Cut brinjal (rigan) into two halves and make slits on its inner part.
Now sprinkle ¼ tsp turmeric powder, salt and ¼ tsp red chilli powder on it. Rub masala to brinjals. Keep it aside.
Then remove the skin of the potatoes and prick it with a fork. Keep it aside.
Now heat 4 tbsp oil in a pan, add brinjals and fry them on medium flame till they cooked 90%.
Also, fry potatoes on medium flame till they become slightly golden brown coating their sides and becoming soft.
Then add 2 tbsp oil to a pan, add cumin seeds, bay leaf, dry red chilli, and cinnamon. Sauté for a minute.
Add ginger-garlic paste and green chilli paste. Sauté for a few seconds.
Take water in a bowl; add turmeric powder, red chilli powder, coriander powder, and cumin powder. Mix well. Cook till oil separates from the sides of the masala.

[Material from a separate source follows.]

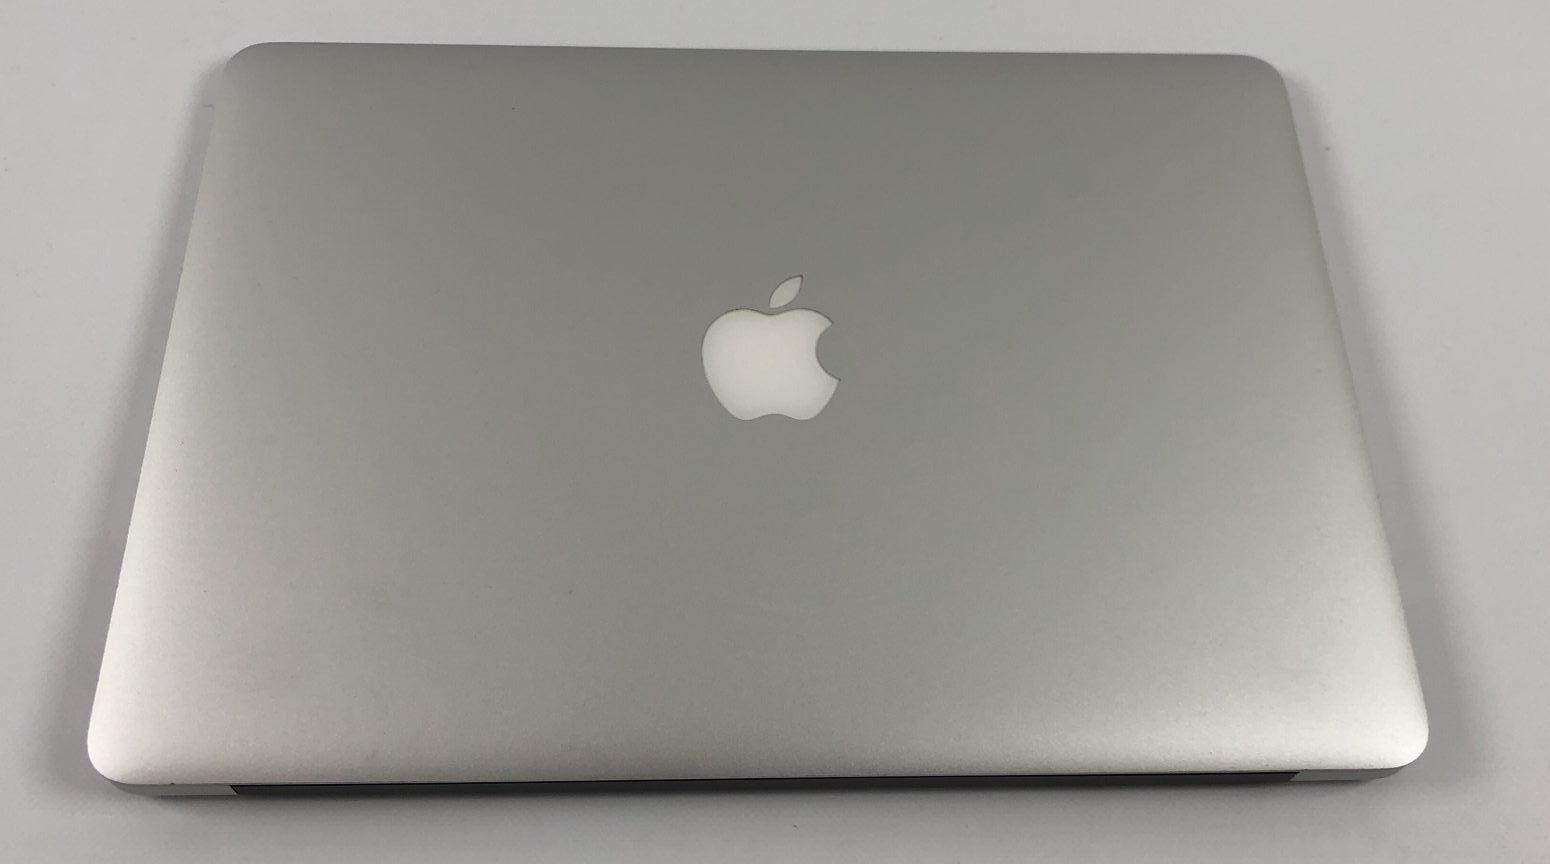 "MacBook Air 13"" Early 2015 (Intel Core i5 1.6 GHz 8 GB RAM 256 GB SSD), Intel Core i5 1.6 GHz, 8 GB RAM, 256 GB SSD, image 2"
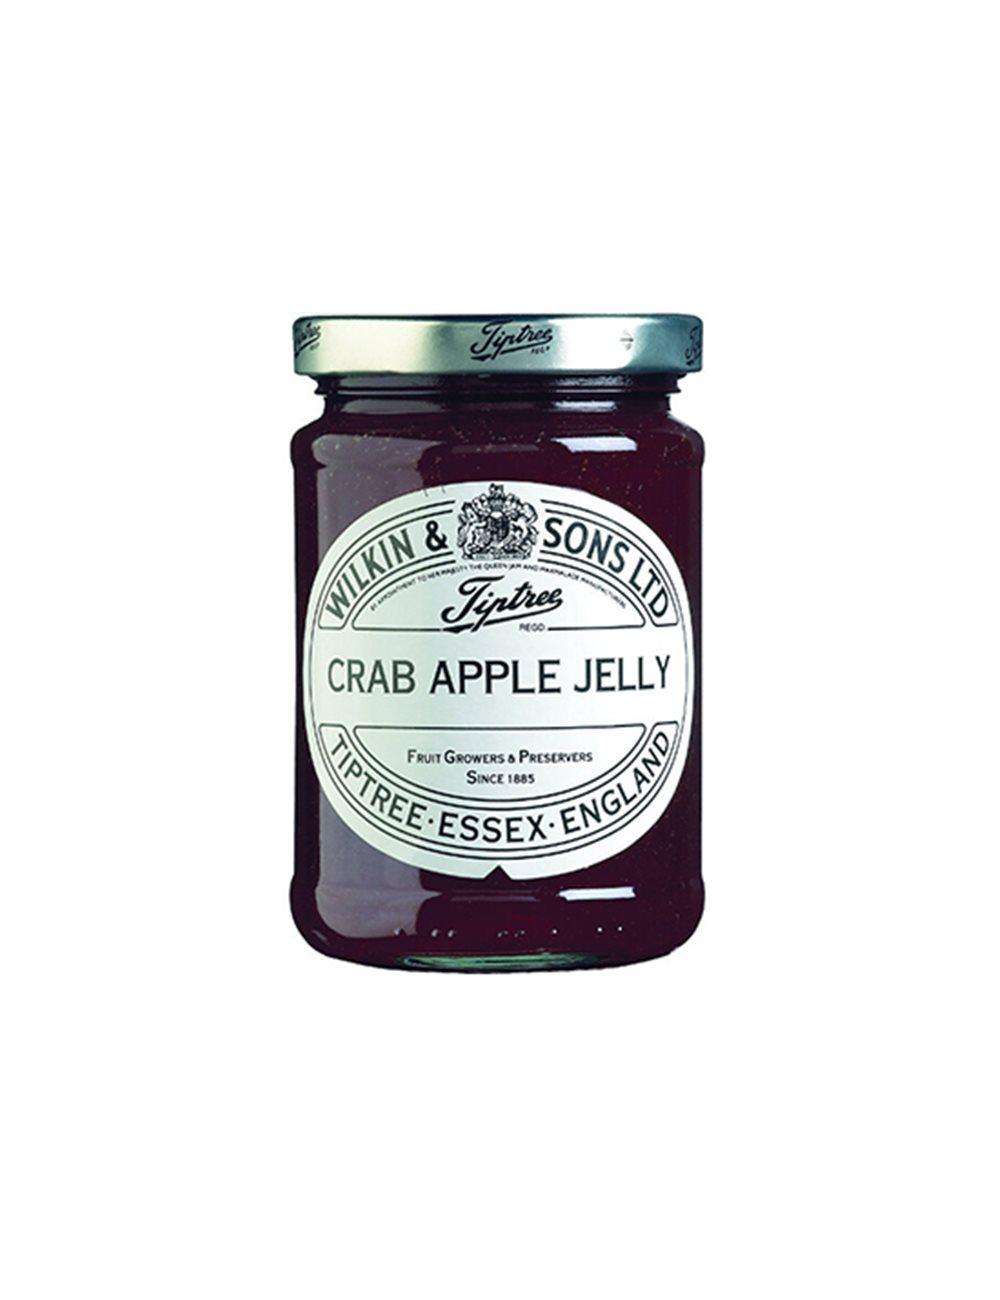 Crabapple Jelly 340g

Add tomato puree and salt. cover and cook till oil separate from its sides.
Meanwhile in a mortal-pestal, add peanuts, white sesame seeds, and papadi gathiya. Grind it into a coarse powder.
Add masala into the gravy and cook till oil separates from its sides.
Now add 1 cup of hot water and bring it to a boil.
Then add fried brinjal, and potatoes and mix well. Cover and cook for 5 minutes.
Now add garam masala, lemon juice, coriander leaves, and jaggery. Mix well.
serve bharela rigan batata nu shak with poori or paratha.